# [INFORMATION SUPPLIED]
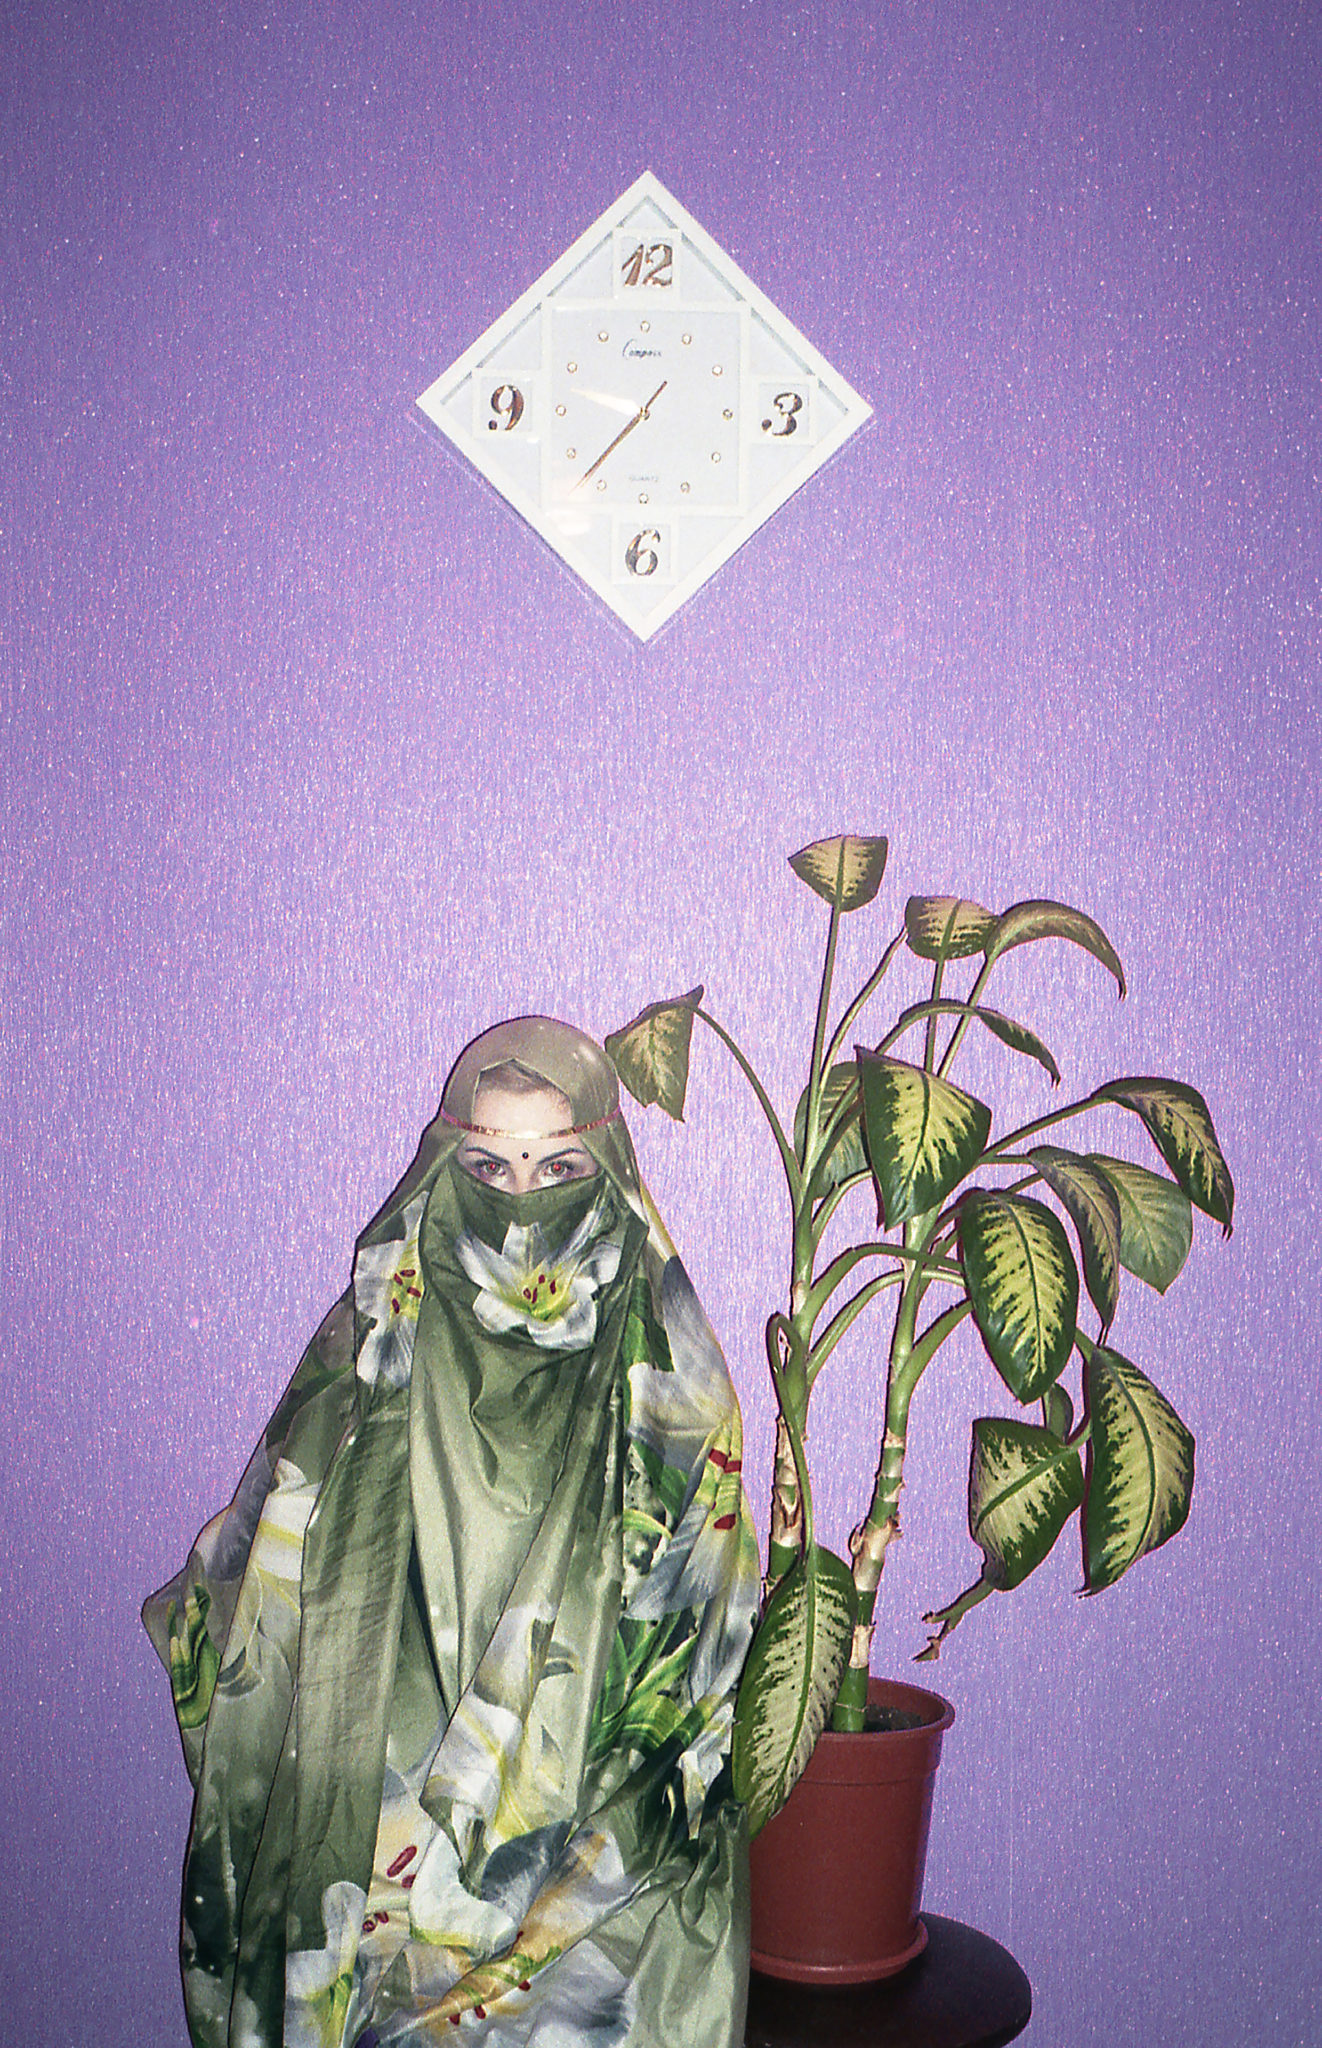 Młoda kobieta stoi ubrana w burce z kwiatami. Przy niej stoi roślina w doniczce, a nad nią znajduję się zegar w kształcie kwadratu.
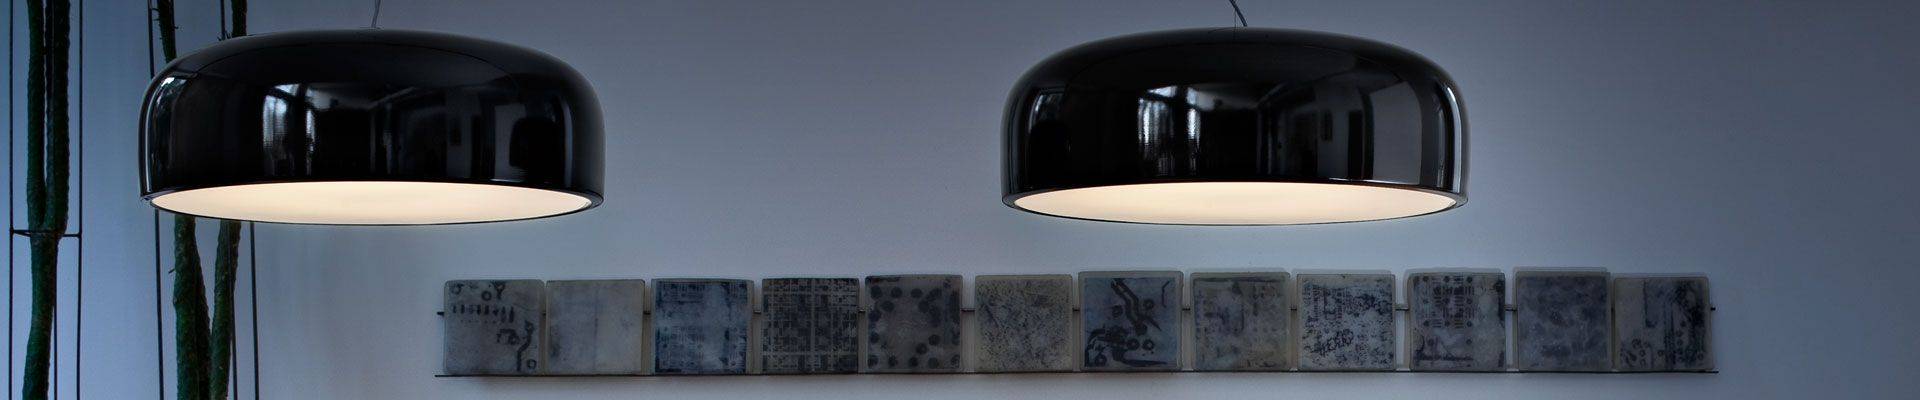 Flos lampen outlet | Design verlichting goedkoop kopen? | Flinders
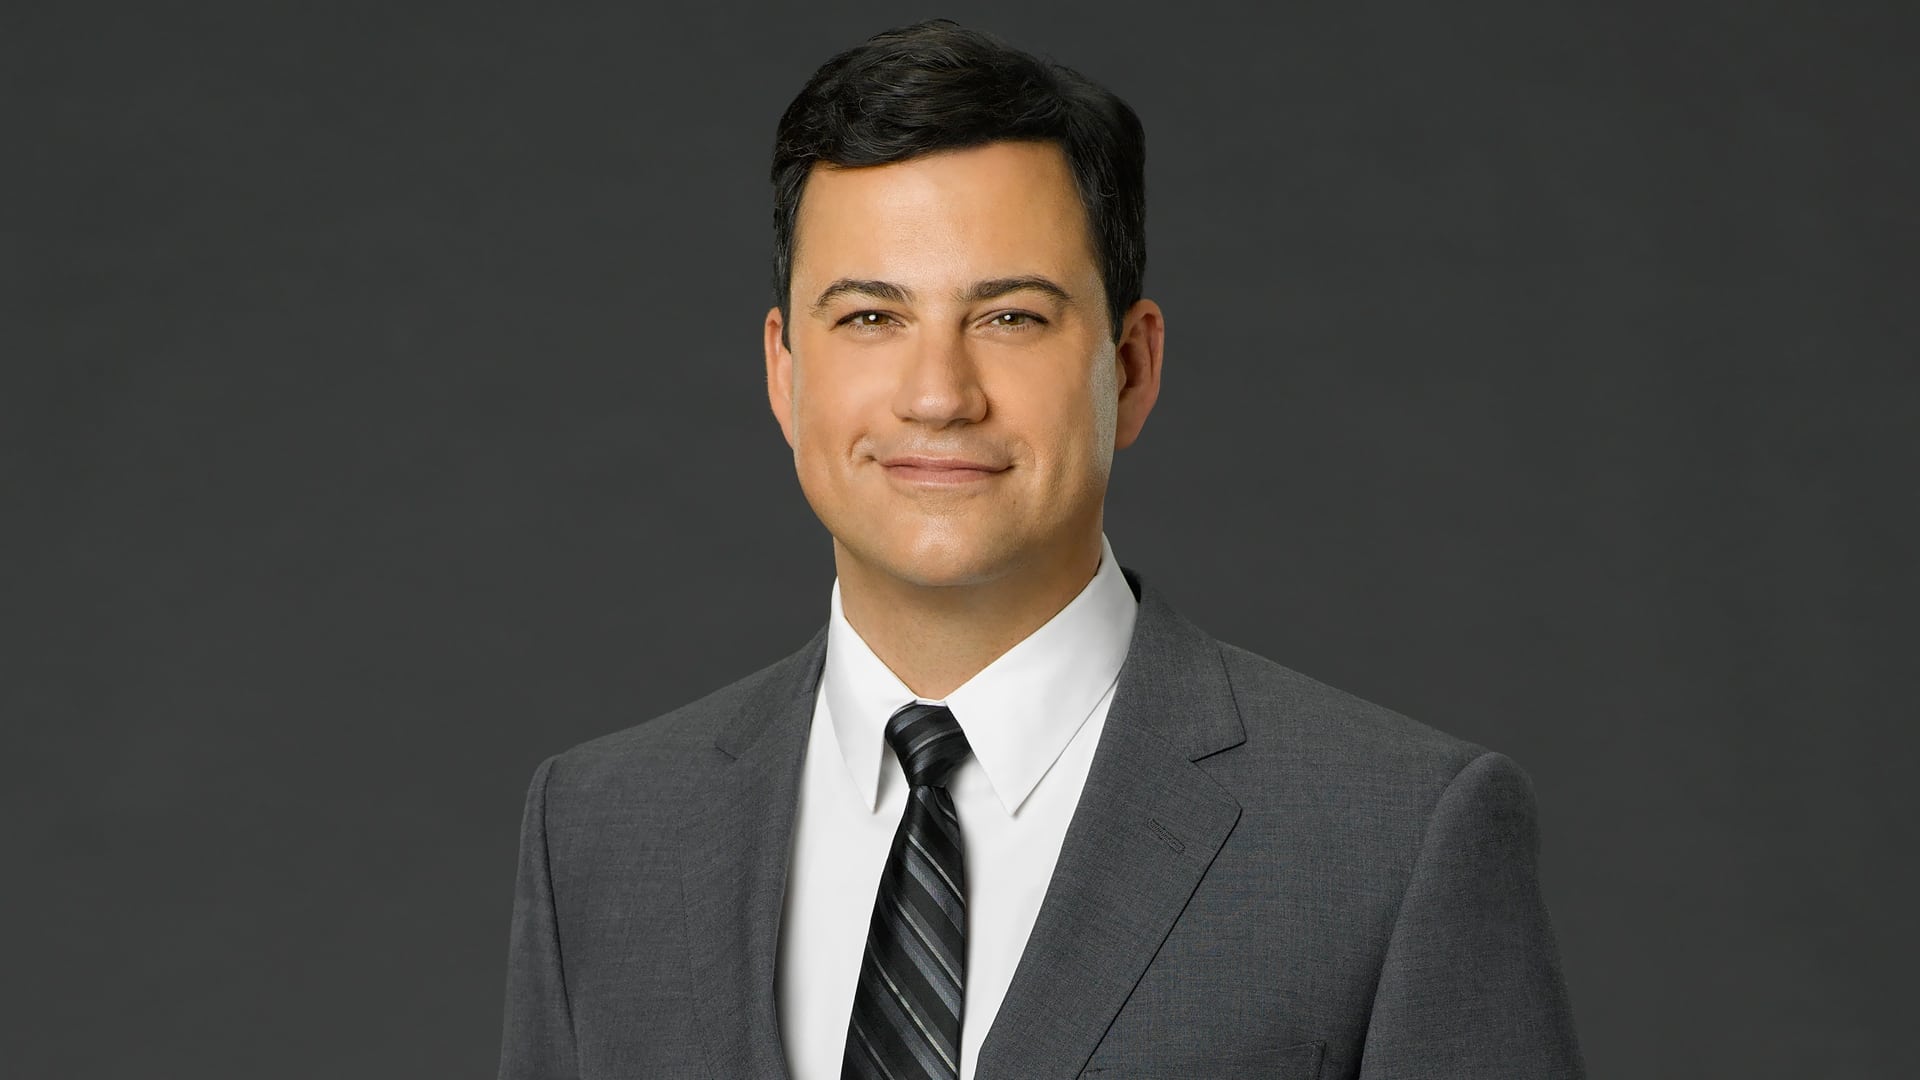 Jimmy Kimmel Live! - Season 22 Episode 45

# [TASK STATEMENT]
Would you write out the data exactly, with no pictures in the copy?

# [RESPONSE BOX]
 Młoda kobieta stoi ubrana w burce z kwiatami. Przy niej stoi roślina w doniczce, a nad nią znajduję się zegar w kształcie kwadratu.
 Flos lampen outlet | Design verlichting goedkoop kopen? | Flinders
 Jimmy Kimmel Live! - Season 22 Episode 45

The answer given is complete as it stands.